Reactions are annotated with location parameters with the same meaning as previously defined for in(w,l,p) and rd(w,l,p). However, these so-called strong reactions are not allowed over federated tuple spaces; in other words, the current location field must always be specified and must be local to the subscriber. The reason for this lies in the constraints introduced by physical mobility. If multiple hosts are present, the content of the federated tuple space is physically distributed among them. Maintaining the atomicity and serialization requirements of reactive statements would require a distributed transaction encompassing several hosts for every tuple space operation at any host---an impractical solution.

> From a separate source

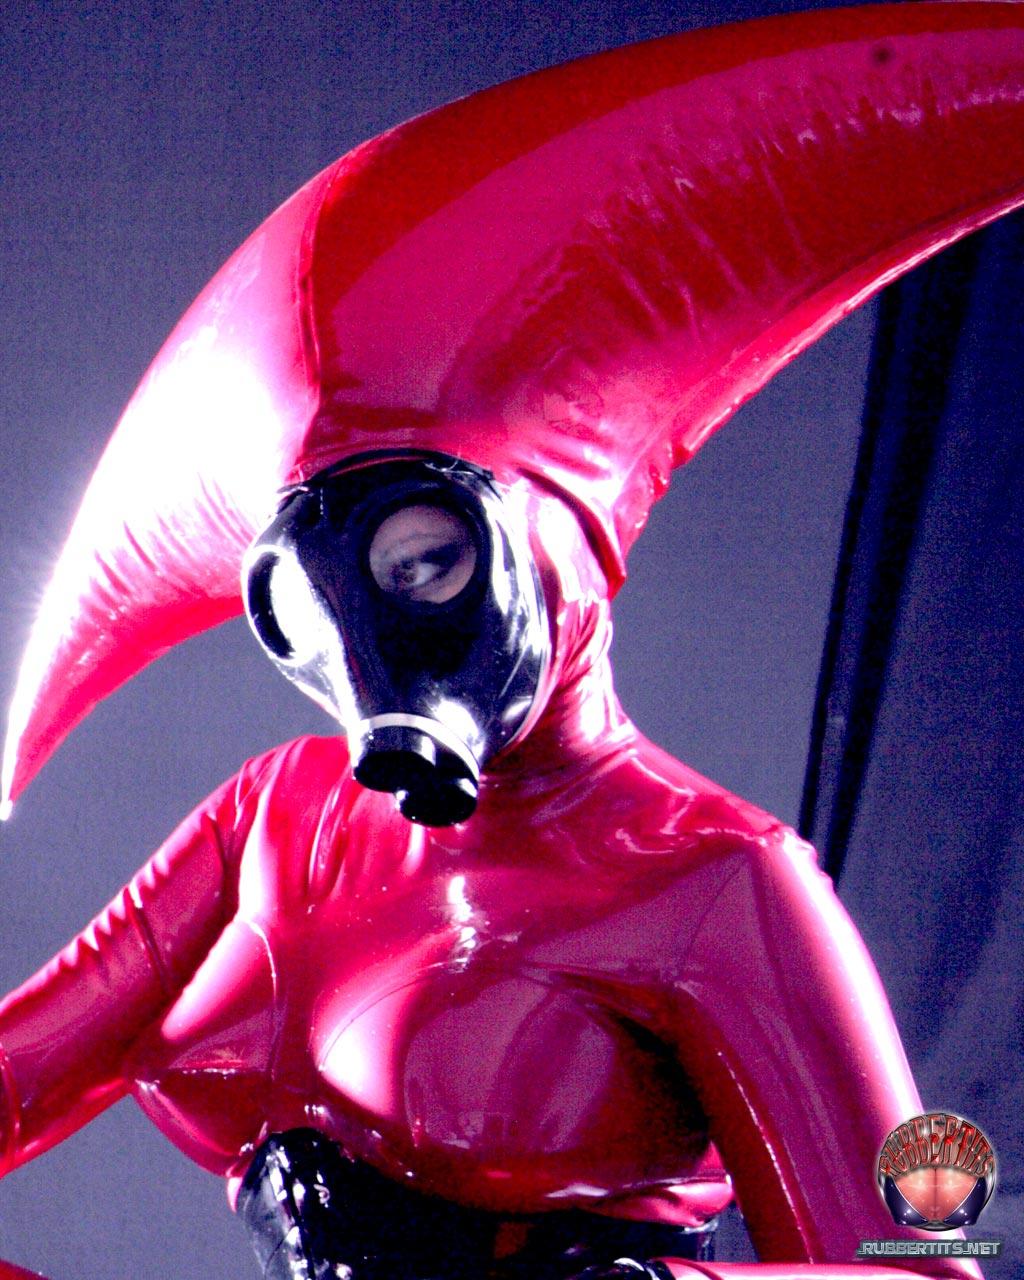 Lesbians Darkwing Zero & Lady Cassandra wear latex costumes during SFW play ポルノ写真 #422975545 | Rubber Tits Pics, Darkwing Zero, Lady Cassandra, Latex, モバイルポルノ

For these reasons, Lime provides also a notion of weak reaction. Weak reactions are used primarily to detect changes to portions of the global context that involve remote tuple spaces, such as those over the federated tuple space. In this case, the host where the pattern is successfully matched against a tuple, and the host where the corresponding action is executed are different. Processing of a weak reaction proceeds as in the case of strong reactions, except that the execution of the reactsTo method does not happen synchronously with the detection of a tuple matching. Instead, it is guaranteed to take place eventually, if connectivity is preserved. The ability to specify a weak reaction on the whole federated tuple space is an extremely powerful programming tool, as it allows the programmer to describe once and for all the actions to be performed in response to a given event, independent of any changes in the system configuration.